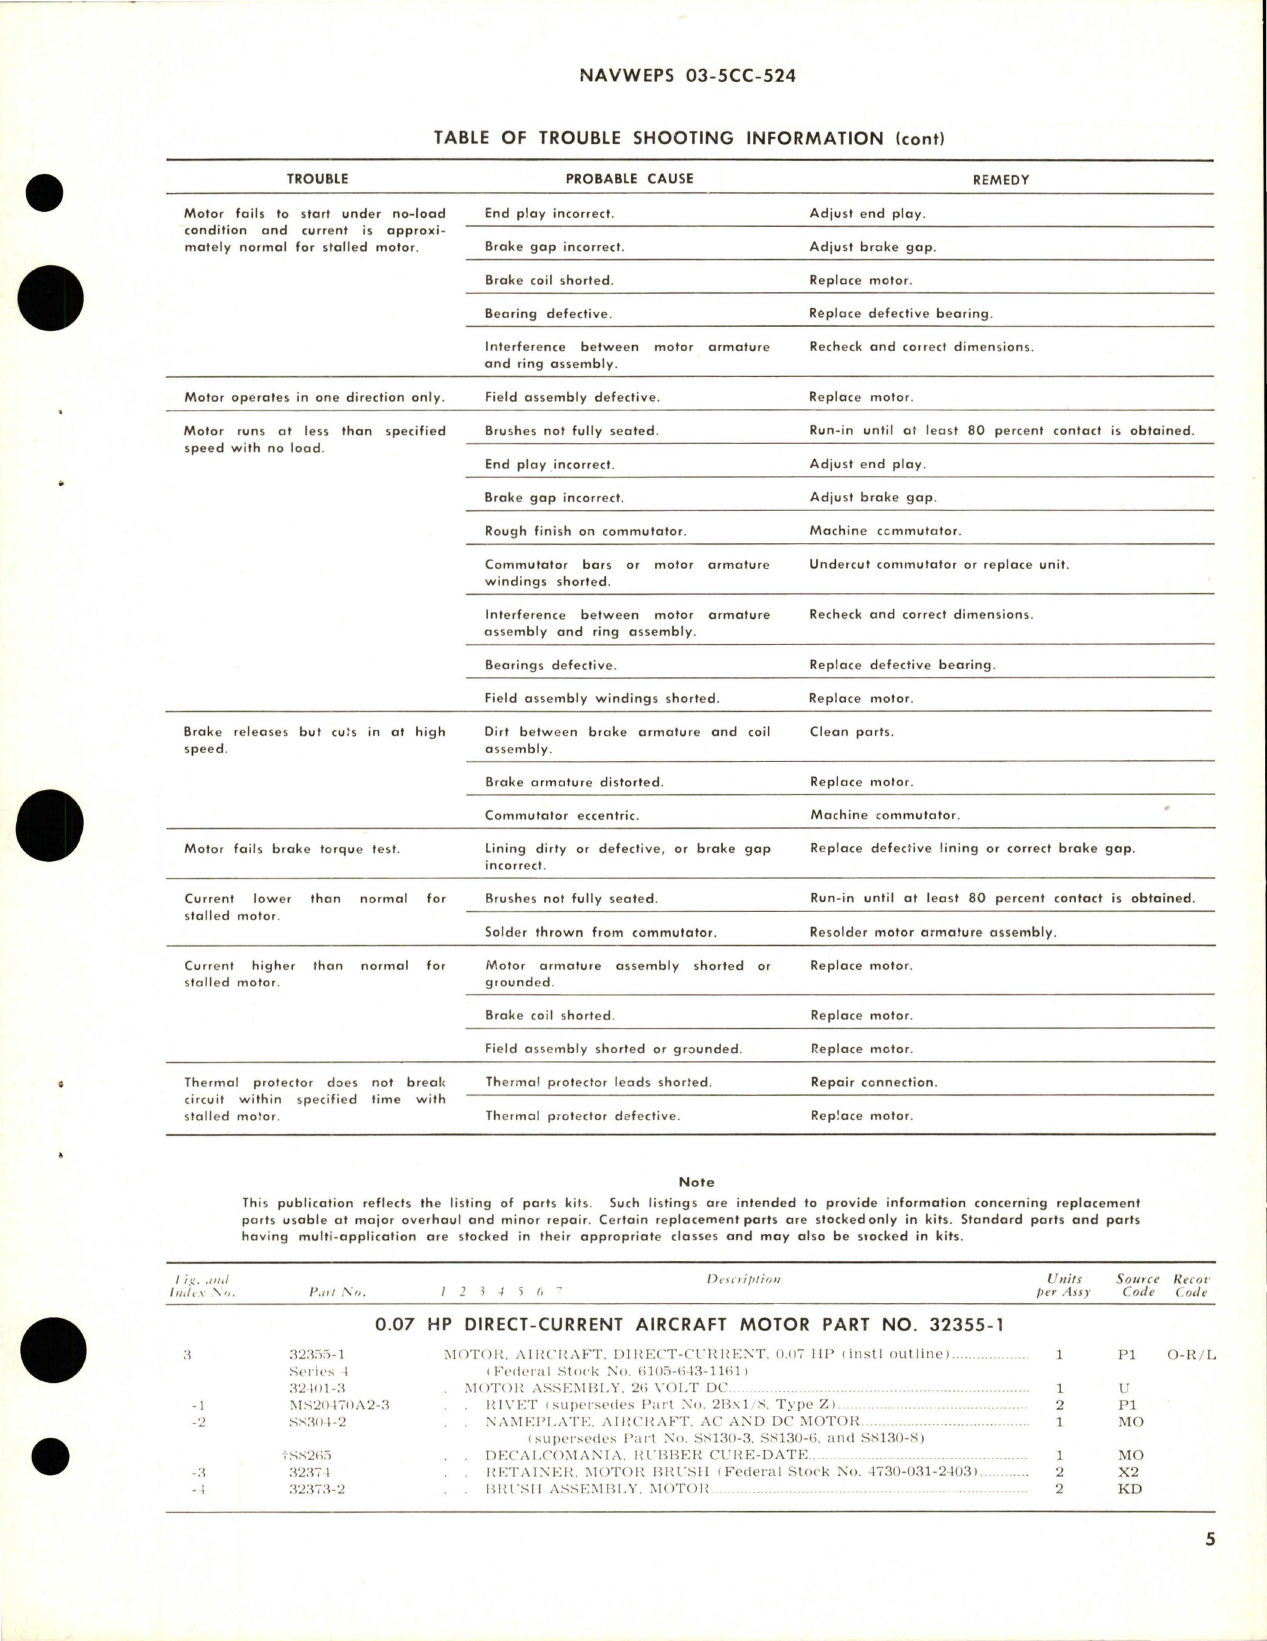 Sample page 5 from AirCorps Library document: Overhaul Instructions with Parts Breakdown for Direct-Current Aircraft Motor 0.07HP - Part 32355-1
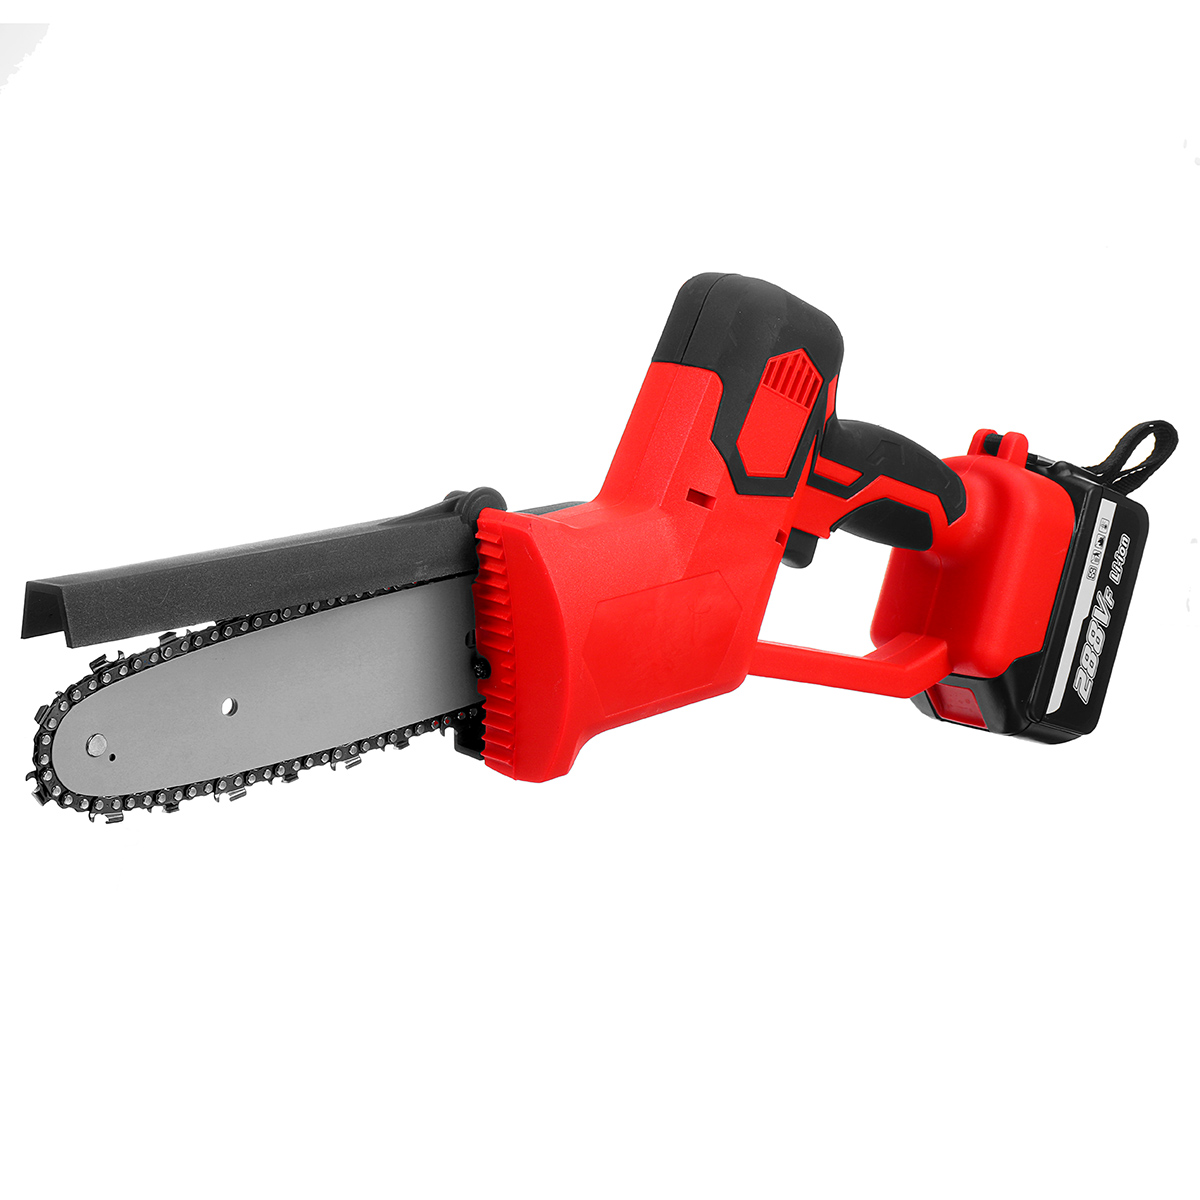 8-Inch-Cordless-Electric-Chain-Saw-288VF--Brushless-Motor-Power-Tools-Chainsaw-1854536-10
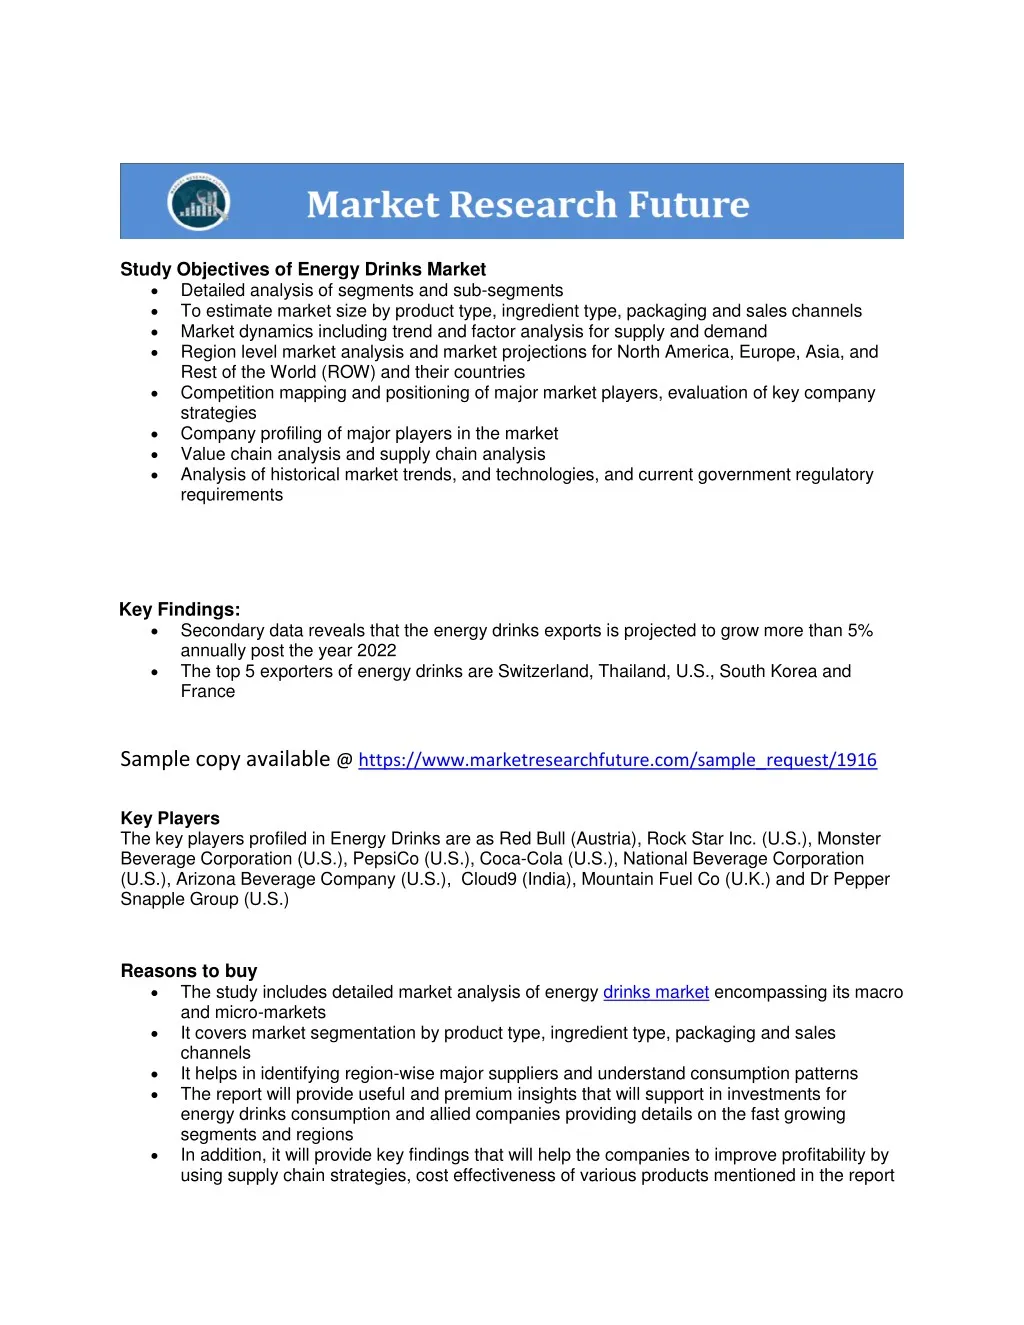 study objectives of energy drinks market detailed
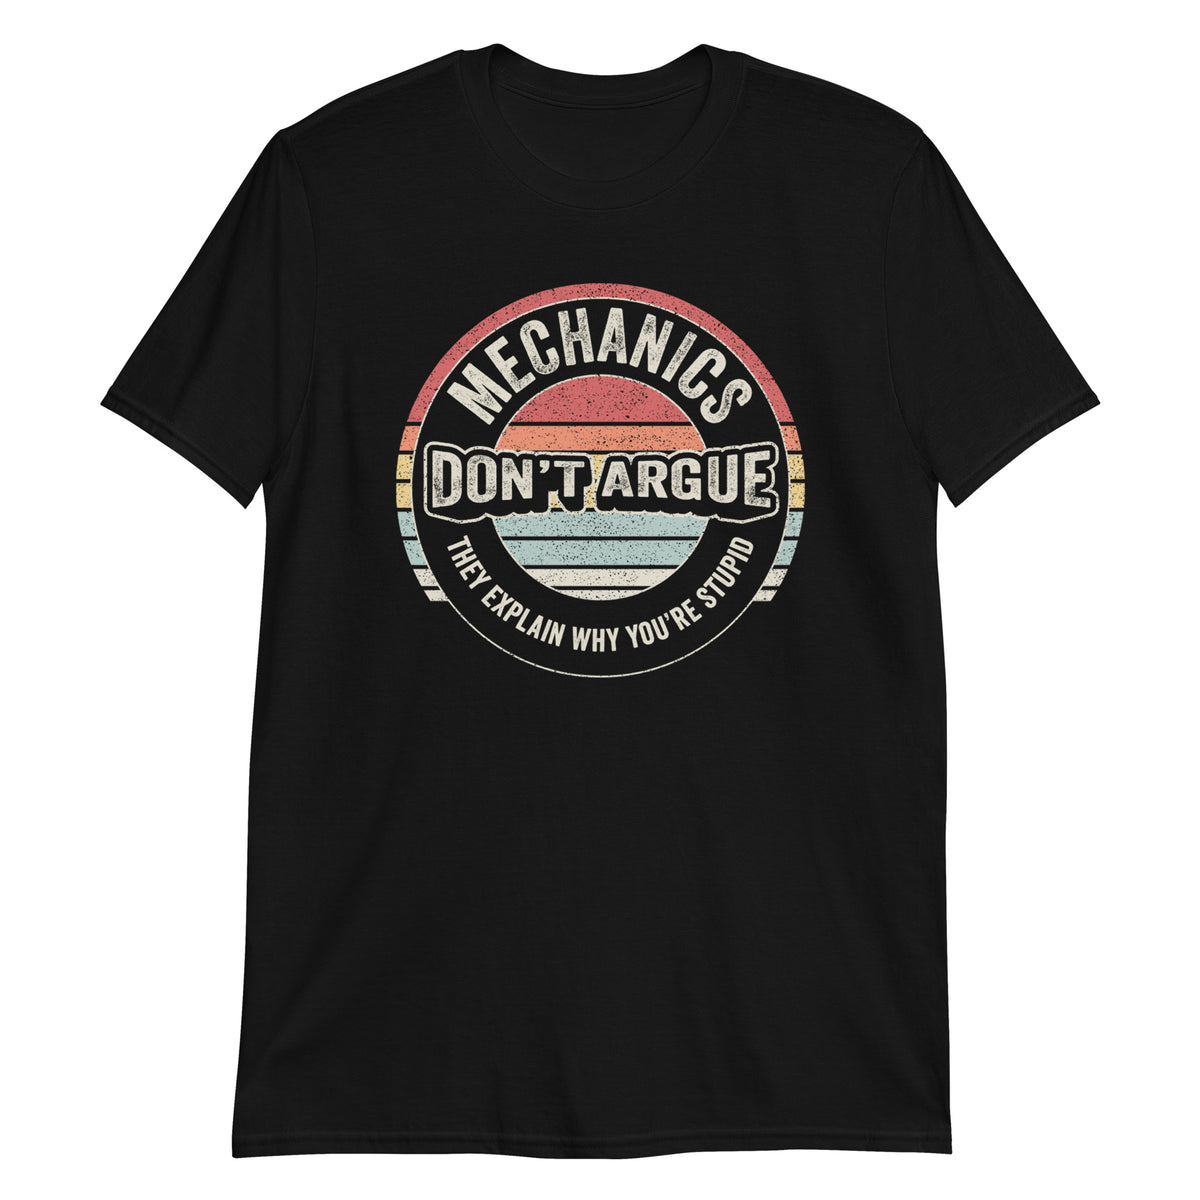 Mechanics Don't Argue They Explain Why You're Stupid T-Shirt

• • • •

WORK TO COMPLETE: What you write should match, word for word, the lines from the one containing "study objectives of" to the end of the listing, with both ends kept and the pictures left out.

EXERCISE OUTPUT:
 study objectives of energy drinks market detailed
 Mechanics Don't Argue They Explain Why You're Stupid T-Shirt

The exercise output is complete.